Hribal did not stand out as a troubled teen before the rampage.  Mental illness does not necessarily broadcast its presence to the world before bullets fly or steel flashes, bloodstained and corroded, in a school hallway.  There are sleepers out there, psychologists warn us.  Some of them sleep in our homes with us.  They are the children we thought we knew, until the day without warning when they rise up and act out.  Then we are left to wonder why.  I still cannot believe there were no signs from Alex before the morning of the knives.

Maybe his signs were not so obvious, as they were with Sandy Hook school shooter Adam Lanza.  He refused to communicate with his parents except through email even when they were in the next room.  He blacked out his bedroom windows with trash bags and duct tape.  One would think that was evidence enough that the dam was about to break.  We don’t know what his mother was thinking because she was his first victim.  In this latest knife attack, the perpetrator did not give the kind of warnings Lanza did.

Post-attack, it is clear that Hribal will face the consequence of his actions, if he even comprehends what he has done.  If convicted, he faces 585 years in prison, which is a long time to think about things, or he may be institutionalized to simmer away in his madness.  Whatever happens, it is doubtful he will ever see freedom.

The second tragedy befell students about to graduate this spring, and was not the fault of an insane kid carrying a gun or a knife.  On board buses headed for California State University at Humboldt in northern California, five students and three chaperones were killed when a Fed Ex tractor-trailer crossed the center median and struck one of the buses head on.  This is a tragedy without a clear evil intent, but it is a horrific tragedy nonetheless, and equally nonsensical.  Many of these victims, only a few months away from starting a new chapter in their lives, were severely burned in the inferno, leaving both physical and mental scars that will last a lifetime.
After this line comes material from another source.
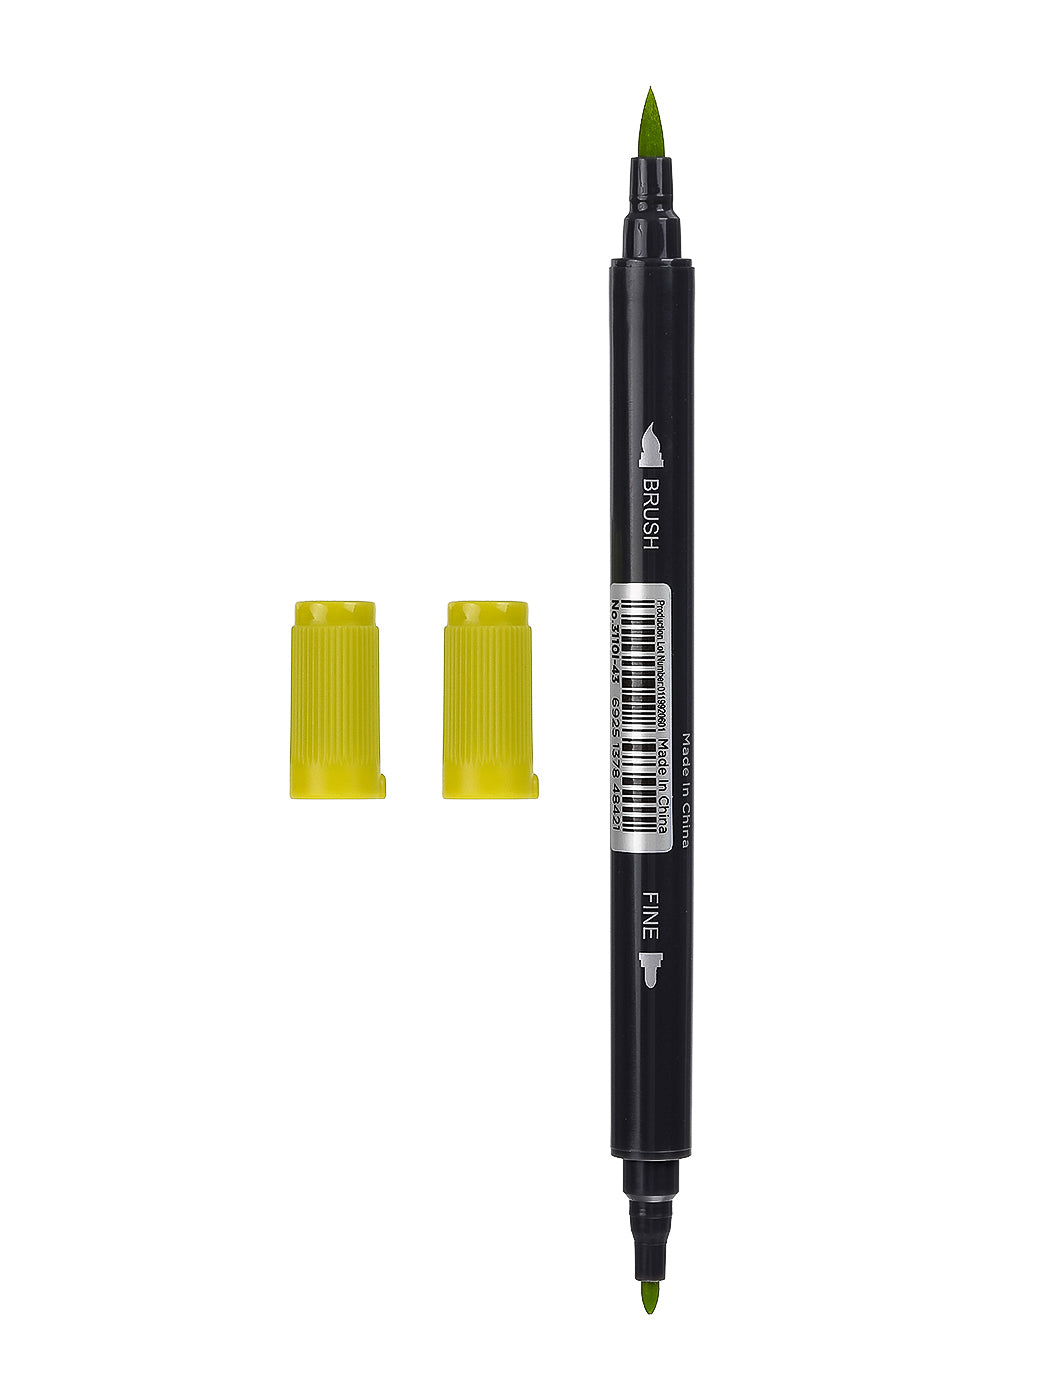 MINISO WATER SOLUBLE DOUBLE HEADED COLORED PEN (LEMON YELLOW) 0400013121 MARKER

Graduation.  The cusp of the rest of your life.  Death should come for us in old age and include a celebration around the casket for a life well-lived.  Now we mourn what never will be, a life aborted in its infancy.  These kids never had a chance to bud, much less flower in this burgeoning spring of their lives.

We have become inured to the horror.  The phone call from the school administration, the state police, the county coroner, has become the expected, not the exception.  Tragedies happen and we prepare for when, not if.
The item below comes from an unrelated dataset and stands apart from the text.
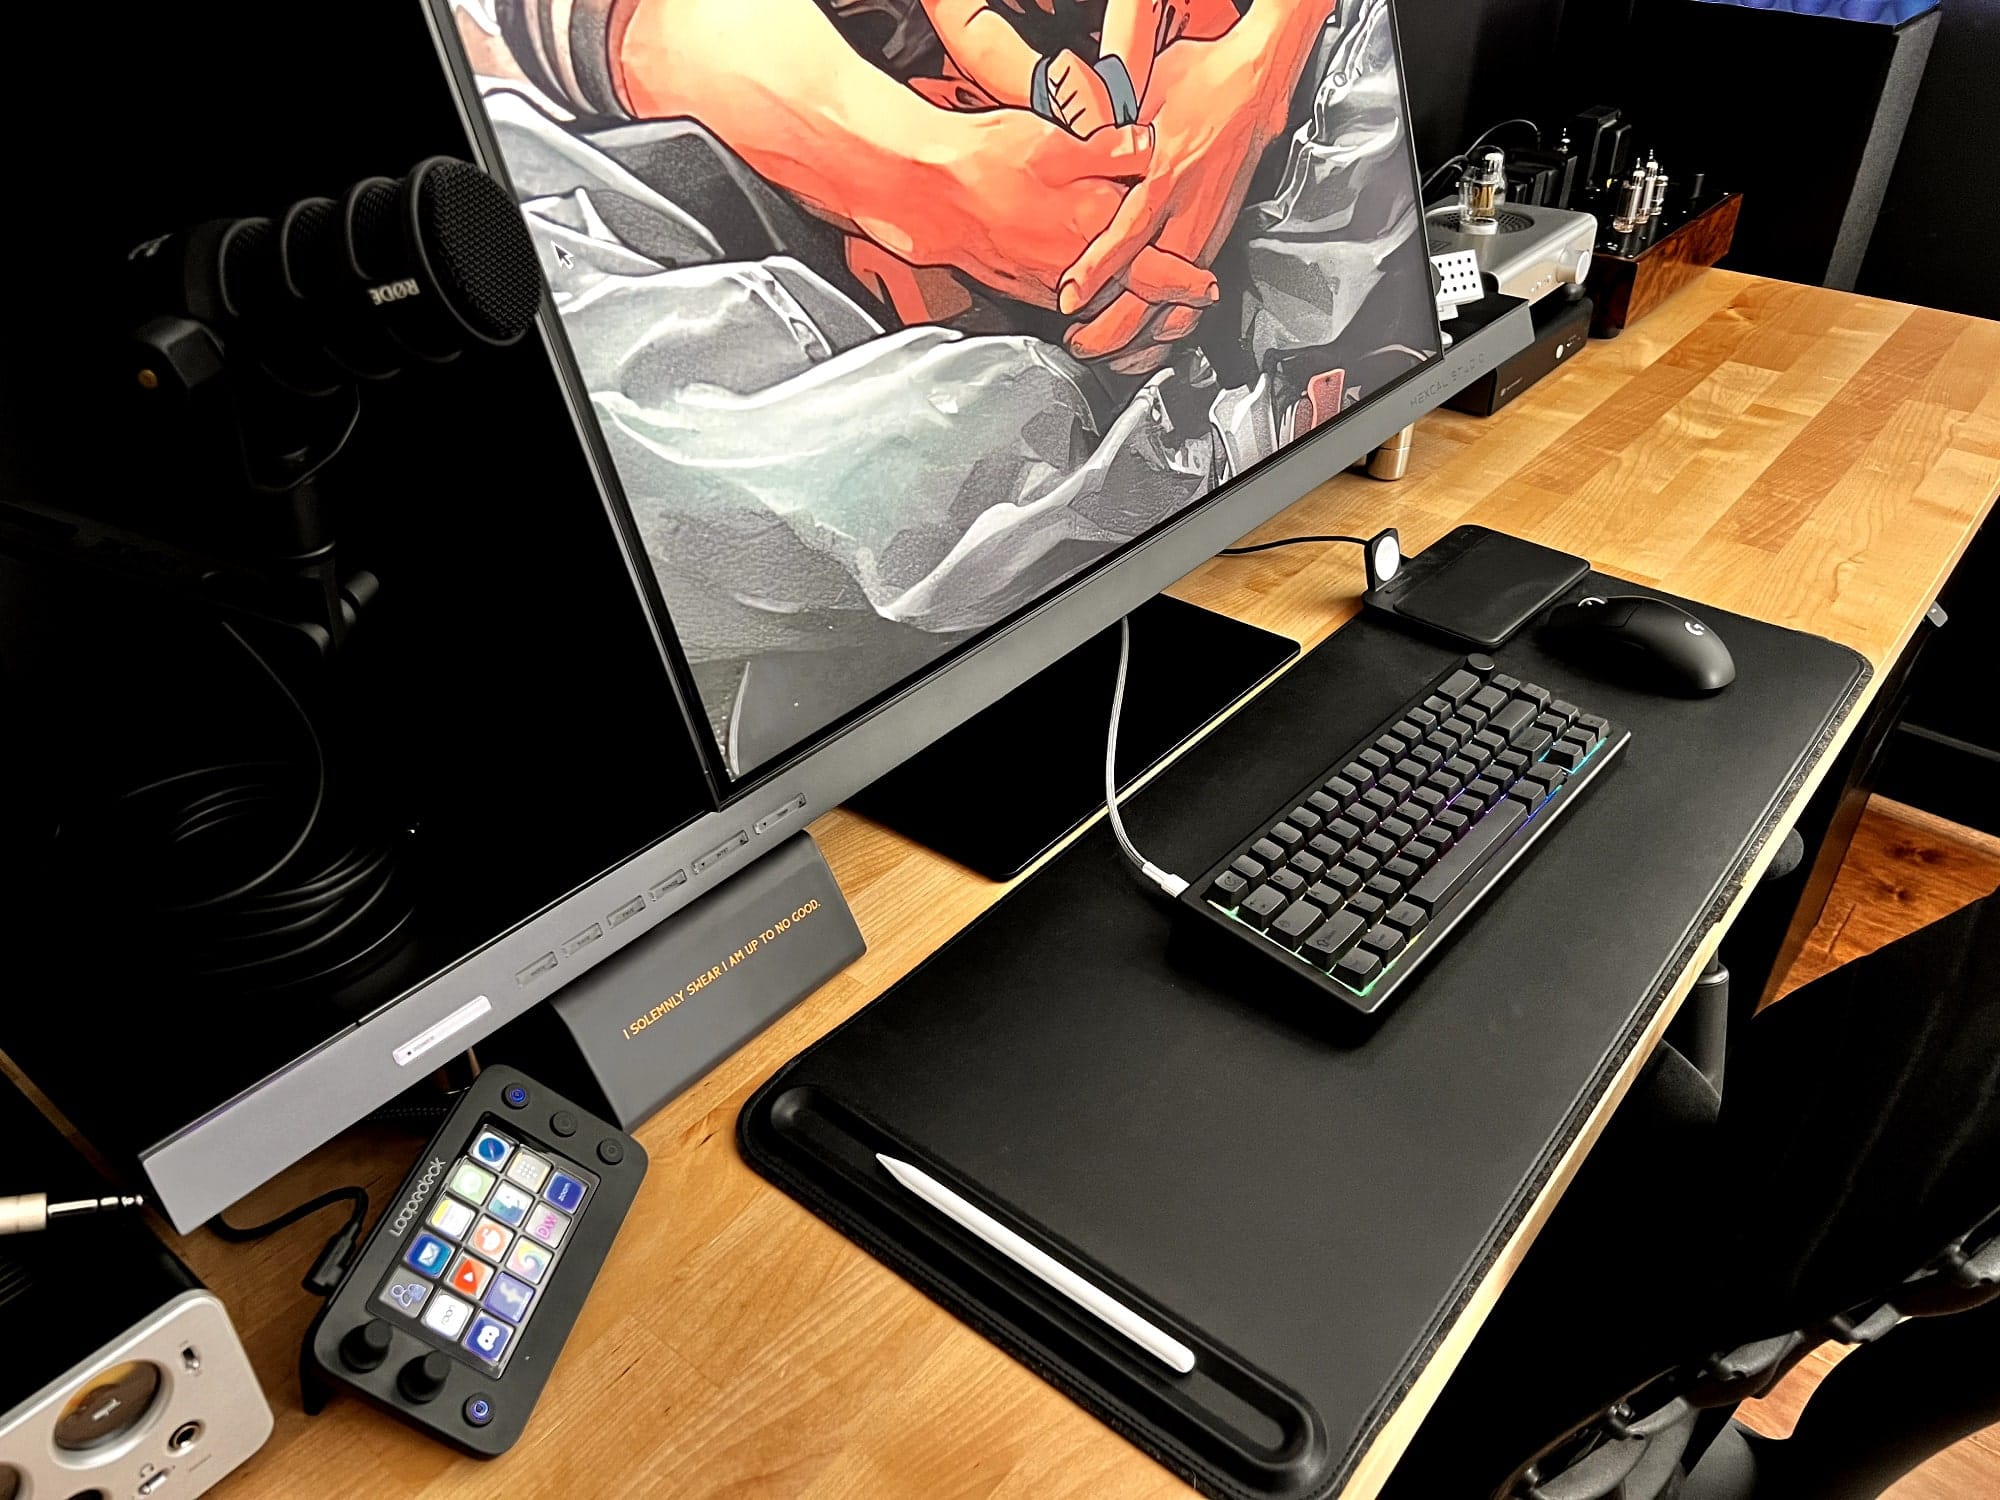 A close-up view of a tidy gaming desk setup, featuring a large Samsung Odyssey Ark 2 monitor with an anime display, a mechanical keyboard, a gaming mouse, a Stream Deck, and a RØDE microphone, all arranged neatly on a wooden surface

It is naïve to wish events like stabbings and shootings and car crashes would never happen, or to wish those lost souls alive once more.  I’d be happy to go back to the days when such events happened so infrequently as to be the aberration they should be, the horrific anomaly instead of the more commonplace events they have become.  Now we stagger, from tragedy to tragedy, anticipating this nightmare that has become our reality.  And we try to go on.